Making movies or any kind of art doesn't necessarily mean that the best means of expression comes from an insider perspective, many times the most brazen depictions of humanity and it's various dalliances happen of an outside perspective. You are right, we cannot know what it's like to sign up for the Military--all we have are movies and tv shows and blogs and other media to get some idea of it--and other art. It's not important that all the details aren't exact, because it's more about an impression, a feeling, or a reaction. Who can watch these war movies and think that war is a good idea? For those of us on the outside, we don't need absolute realism, what we want is an artistic statement--like "Stand up for yourself and respect yourself and don't let the government pull a back-door draft on you." Some of the things our government is doing is wrong--and sometimes it's up to servicemembers to stand up to that--and sometimes it takes ART to get the point across, not cold facts. Movies like "Stop loss" are just part of the dialogue that we need to have to get to a point of clarity and sanity.
I know what it's like to never go to war, and it's a wonderful feeling. I'm not mad at anyone for portraying me in any way whatsoever.
See how we're different?
si, you're a coward, the writer is not
Let me start of by saying I am a civilian. I have friends that serve, but no immediate family. I thought it was a great article. That is why in someway, well I understand people against the war, I find it hard for them to be against something they never had a hand in. But, on the contrary someone might be in Iraq, and never leave the compound, well another might, thus having a different take on the war. I agree with the music piece, how can someone sing a line, "I have been there with the soldiers.." when they have not? (OK it was out of context, but I hope you can, as you have, see my point). Oh, and (sorry to add more fuel to the fire) I was sitting in my class, first day and the prof was ranting about how Arabs are portrayed in movies, and some kid mumbled against what she was saying.

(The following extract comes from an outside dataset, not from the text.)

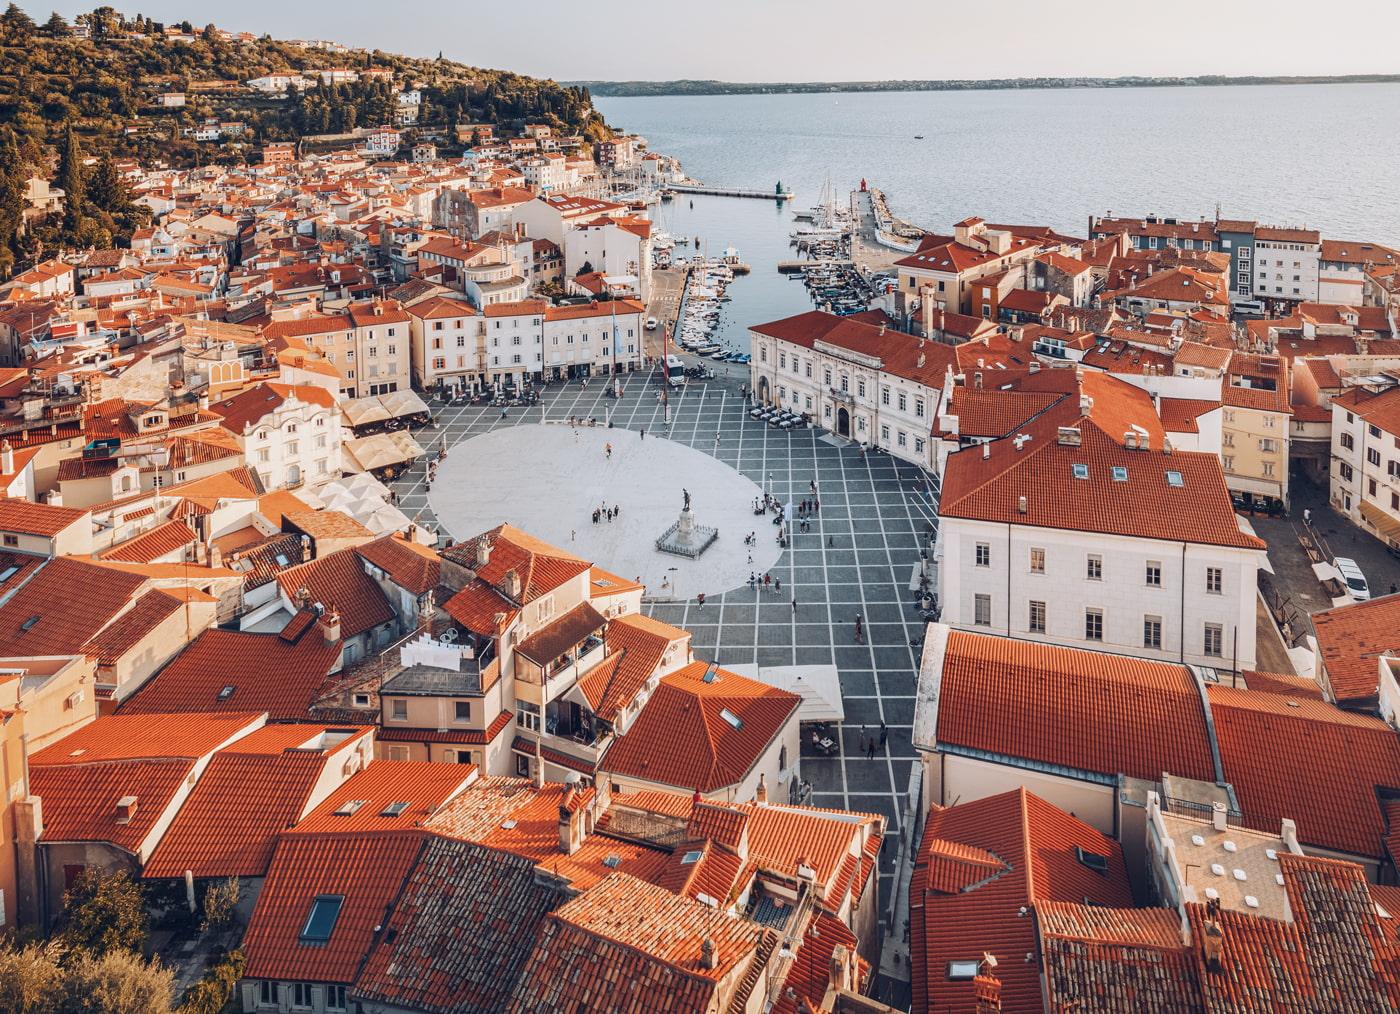 Piran town in Slovenia
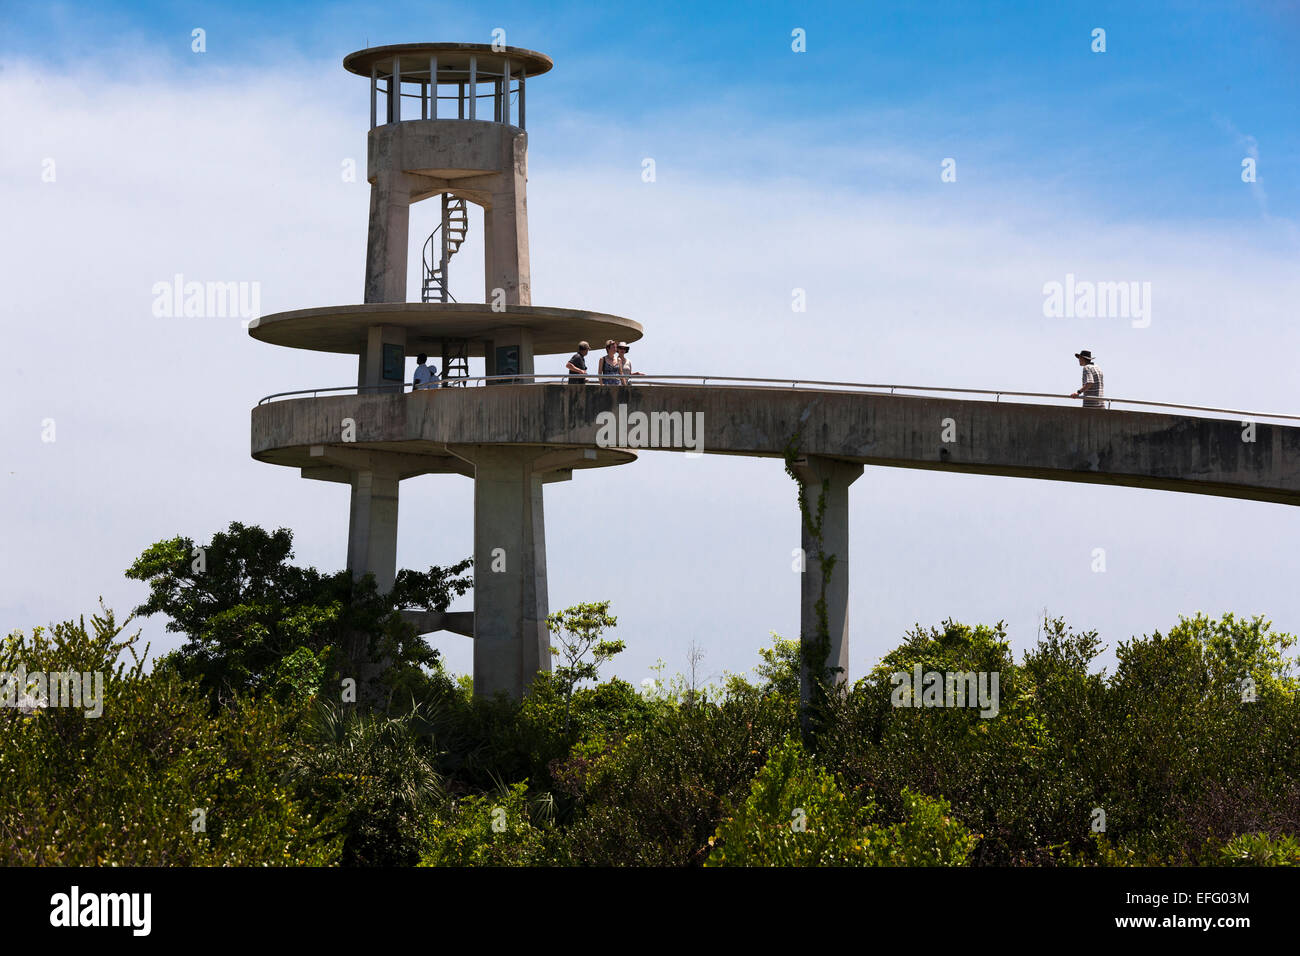 Shark Valley Everglades Visitors Observation Tower Everglades National Park Florida US - Stock Image

She said, excuse me, he said I have been to Iraq.. Well she goes on IN FRONT OF THE CLASS asking him about 9/11,&they comments about us being in Iraq!! That is basically how class was for the term. It was a western civ, but felt more like feminist liberal views of the 21st century American foreign policy.
What?
Because only a serial killer can understand what it's like to be a serial killer and only a wizard can understand what it's like to be a student at wizard school ...
Unlike serial killers or students at wizard schools, there are a lot of war veterans. Like it or not
they view the world through different eyes then those who never served. Just one more division
among our people that we are unable to mend.
perhaps there is a better analogy than a serial killer, eh?